The WHO provides a large, detailed, data dictionary for use with the TB burden data. However, searching through this dataset can be tedious. To streamline this process getTBinR
provides a search function to find the definition of a single or multiple variables. Again if not previously used this function will download the data dictionary to the temporary directory, but in subsequent uses will load a local copy.
vars_of_interest <- search_data_dict(var = c("country", "e_inc_100k", "e_inc_100k_lo", "e_inc_100k_hi")) knitr::kable(vars_of_interest)
variable_name | dataset | code_list | definition |
---|---|---|---|
country | Country identification | Country or territory name | |
e_inc_100k | Estimates | Estimated incidence (all forms) per 100 000 population | |
e_inc_100k_hi | Estimates | Estimated incidence (all forms) per 100 000 population, high bound | |
e_inc_100k_lo | Estimates | Estimated incidence (all forms) per 100 000 population, low bound |
We might also want to search the variable definitions for key phrases, for example mortality.
defs_of_interest <- search_data_dict(def = c("mortality")) knitr::kable(defs_of_interest)
variable_name | dataset | code_list | definition |
---|---|---|---|
e_mort_100k | Estimates | Estimated mortality of TB cases (all forms) per 100 000 population | |
e_mort_100k_hi | Estimates | Estimated mortality of TB cases (all forms) per 100 000 population, high bound | |
e_mort_100k_lo | Estimates | Estimated mortality of TB cases (all forms) per 100 000 population, low bound | |
e_mort_exc_tbhiv_100k | Estimates | Estimated mortality of TB cases (all forms, excluding HIV) per 100 000 population | |
e_mort_exc_tbhiv_100k_hi | Estimates | Estimated mortality of TB cases (all forms, excluding HIV), per 100 000 population, high bound | |
e_mort_exc_tbhiv_100k_lo | Estimates | Estimated mortality of TB cases (all forms, excluding HIV), per 100 000 population, low bound | |
e_mort_tbhiv_100k | Estimates | Estimated mortality of TB cases who are HIV-positive, per 100 000 population | |
e_mort_tbhiv_100k_hi | Estimates | Estimated mortality of TB cases who are HIV-positive, per 100 000 population, high bound | |
e_mort_tbhiv_100k_lo | Estimates | Estimated mortality of TB cases who are HIV-positive, per 100 000 population, low bound |
Finally we could both search for a known variable and for key phrases in variable definitions.
vars_defs_of_interest <- search_data_dict(var = c("country"), def = c("mortality")) knitr::kable(vars_defs_of_interest)

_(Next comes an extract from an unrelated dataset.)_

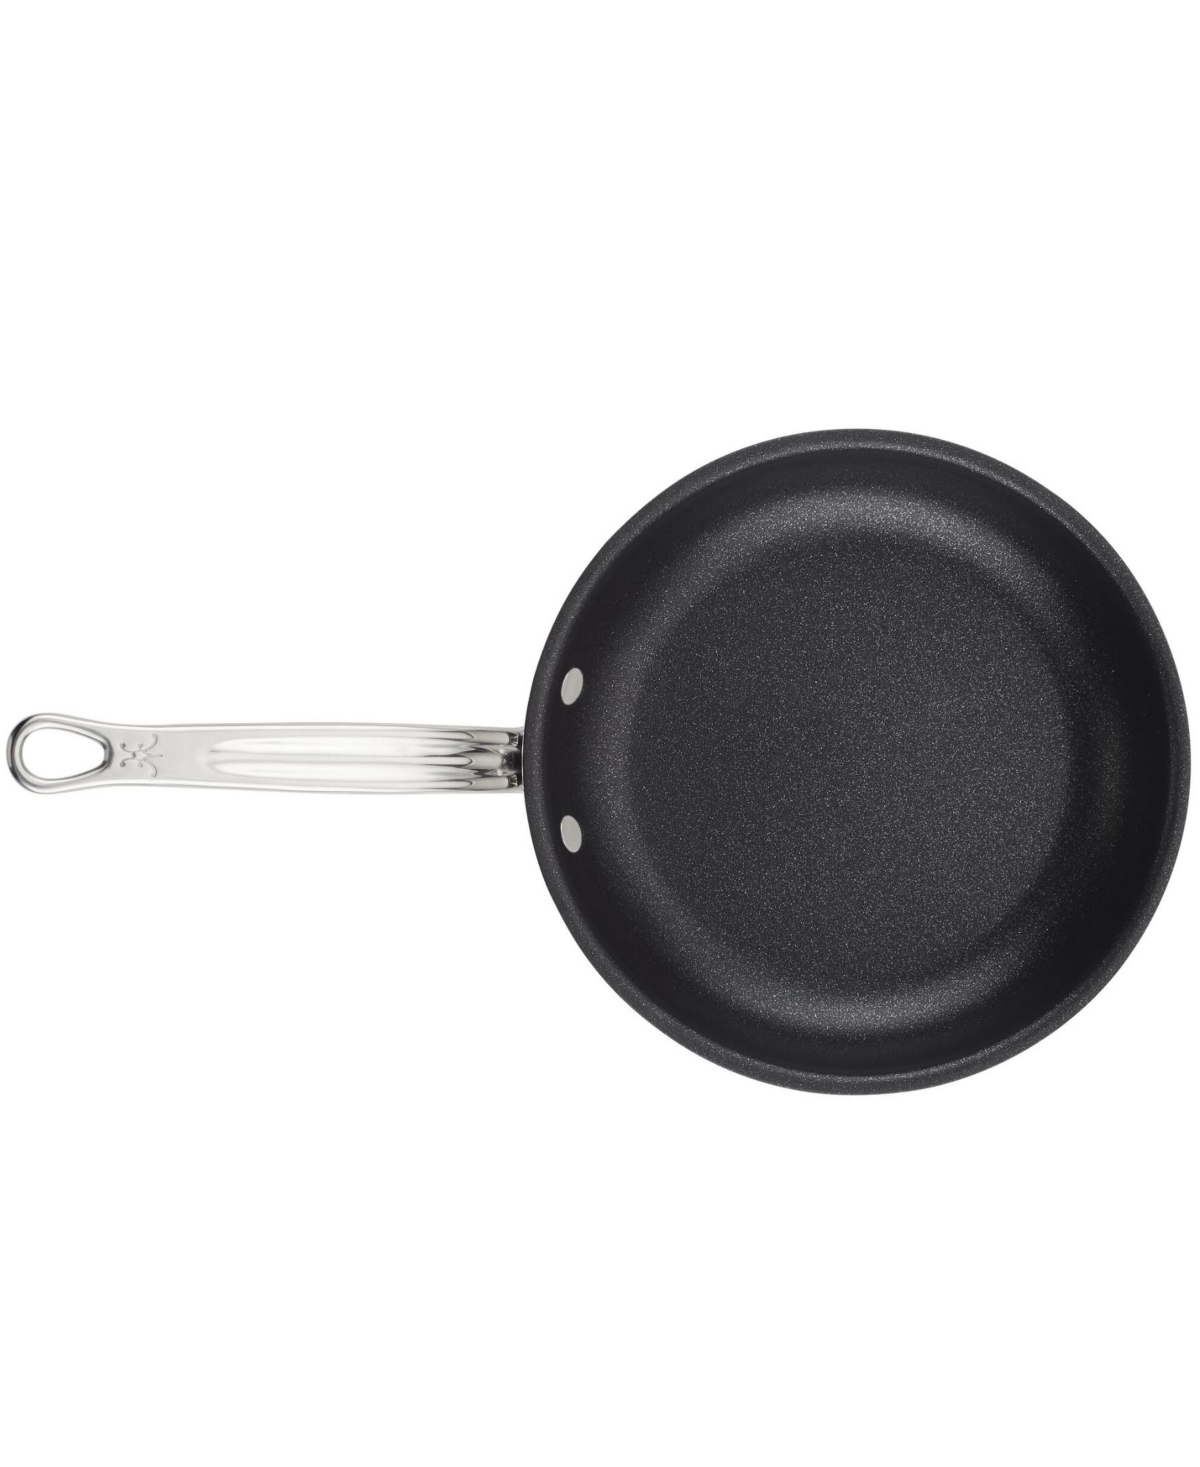 Shop Hestan Probond Clad Stainless Steel With Titum Nonstick 8.5" Open Skillet In Silver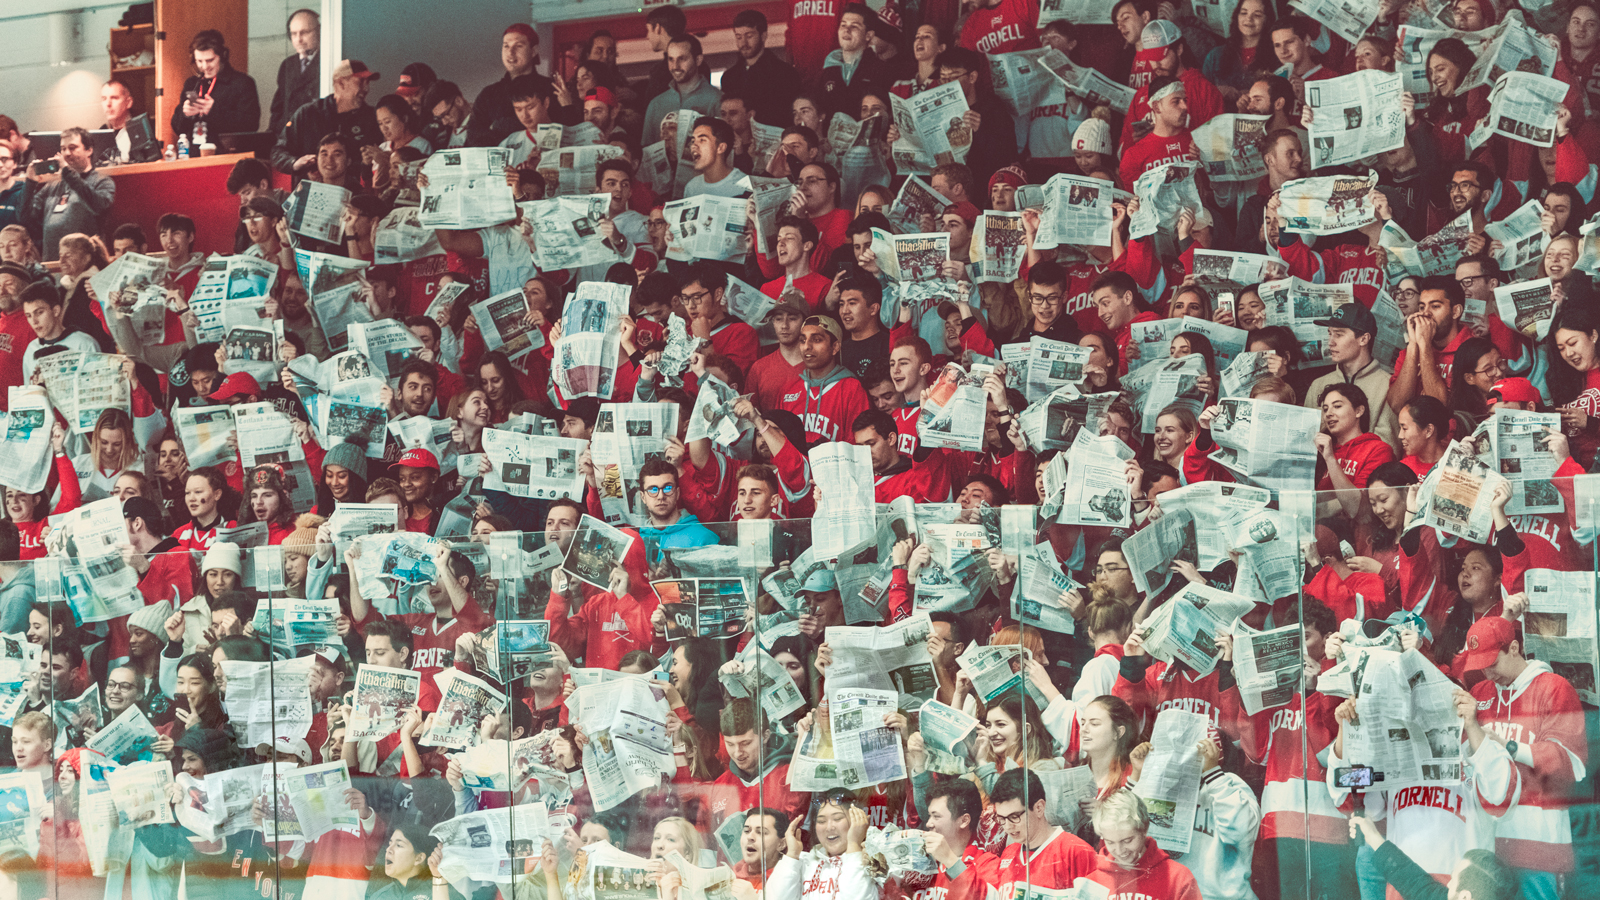 Fans reading newspapers at a Cornell hockey game

variable_name | dataset | code_list | definition |
---|---|---|---|
country | Country identification | Country or territory name | |
e_mort_100k | Estimates | Estimated mortality of TB cases (all forms) per 100 000 population | |
e_mort_100k_hi | Estimates | Estimated mortality of TB cases (all forms) per 100 000 population, high bound | |
e_mort_100k_lo | Estimates | Estimated mortality of TB cases (all forms) per 100 000 population, low bound | |
e_mort_exc_tbhiv_100k | Estimates | Estimated mortality of TB cases (all forms, excluding HIV) per 100 000 population | |
e_mort_exc_tbhiv_100k_hi | Estimates | Estimated mortality of TB cases (all forms, excluding HIV), per 100 000 population, high bound | |
e_mort_exc_tbhiv_100k_lo | Estimates | Estimated mortality of TB cases (all forms, excluding HIV), per 100 000 population, low bound | |
e_mort_tbhiv_100k | Estimates | Estimated mortality of TB cases who are HIV-positive, per 100 000 population | |
e_mort_tbhiv_100k_hi | Estimates | Estimated mortality of TB cases who are HIV-positive, per 100 000 population, high bound | |
e_mort_tbhiv_100k_lo | Estimates | Estimated mortality of TB cases who are HIV-positive, per 100 000 population, low bound |
search_data_dict
can also be used to explore the details of the variables included in each dataset. For example if we could explore all the variables included in the Latent TB dataset,
dataset_of_interest <- search_data_dict(dataset = "Latent") knitr::kable(dataset_of_interest)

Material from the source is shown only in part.